Joao Carlos de Moraes Sa, a soil science professor at Ponta Grossa State University in Brazil, said Brazilian farmers use a rotation of soybeans and crops such as the forage grass brachiaria to keep the soil permanently covered.
“You have to choose one main crop to pay your bills, because a cover crop (won’t) pay the bills immediately.”
The FAO estimates that conservation tillage is practised on 25 percent of cropland in the United States and 46 percent of Canadian cropland from Ontario to British Columbia.
To increase those numbers and win over the public, Friedrich said farmers need to sell the environmental benefits of conservation agriculture and alter the public’s perception of farming.

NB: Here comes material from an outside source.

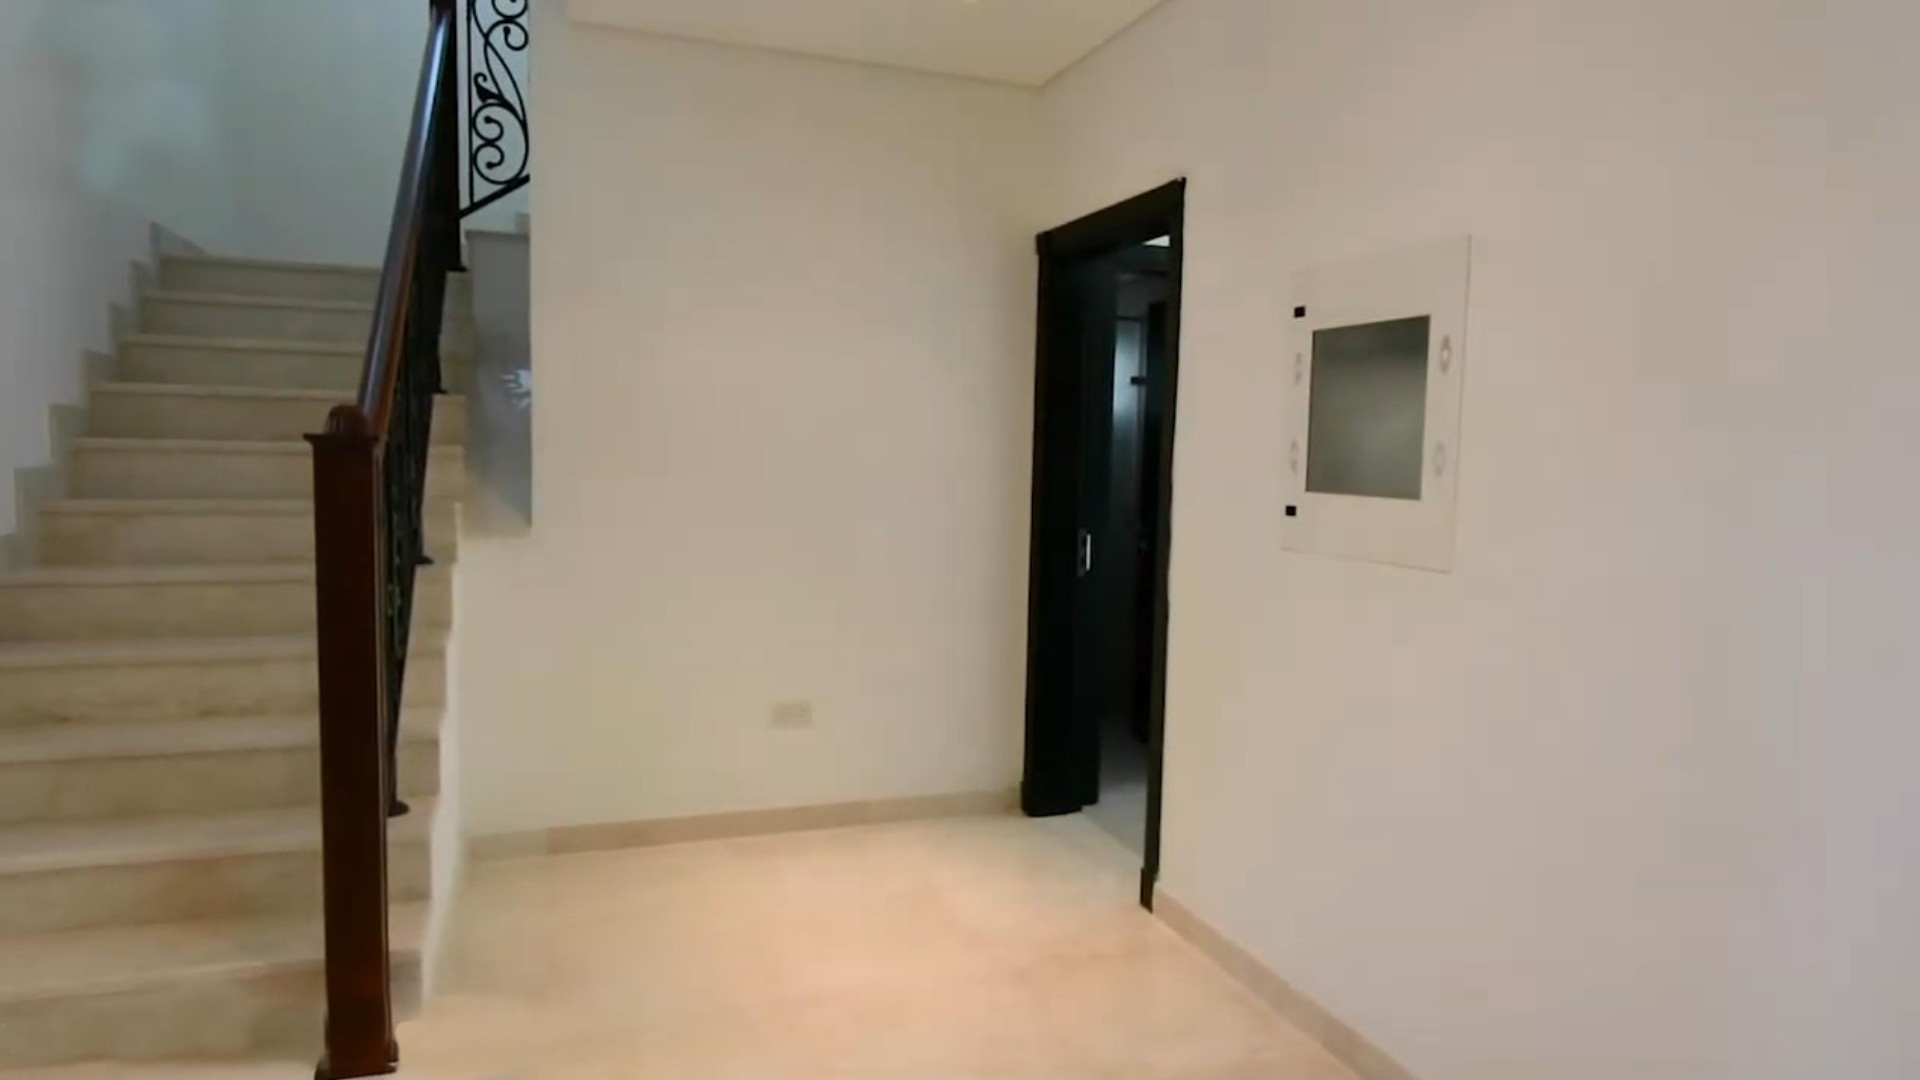 Townhouse for sale in Dubai, UAE, 3 bedrooms, 223 m², No. 24884 – photo 4

“Here (in North America), you are always with the bad guys. You are the ones that are polluting, you are the ones using GMOs and pesticides and everyone’s hitting on the farmer. (But) you can revert that image.”
He acknowledged that genetically modified crops have an important role in zero tillage, but said it can’t be the focal point of the public message.
“As long as you sell your story (saying) we can only do no-till if we use GMOs, you’ve lost already. You have to fine-tune your message and say we do this system because we get these benefits out of it.”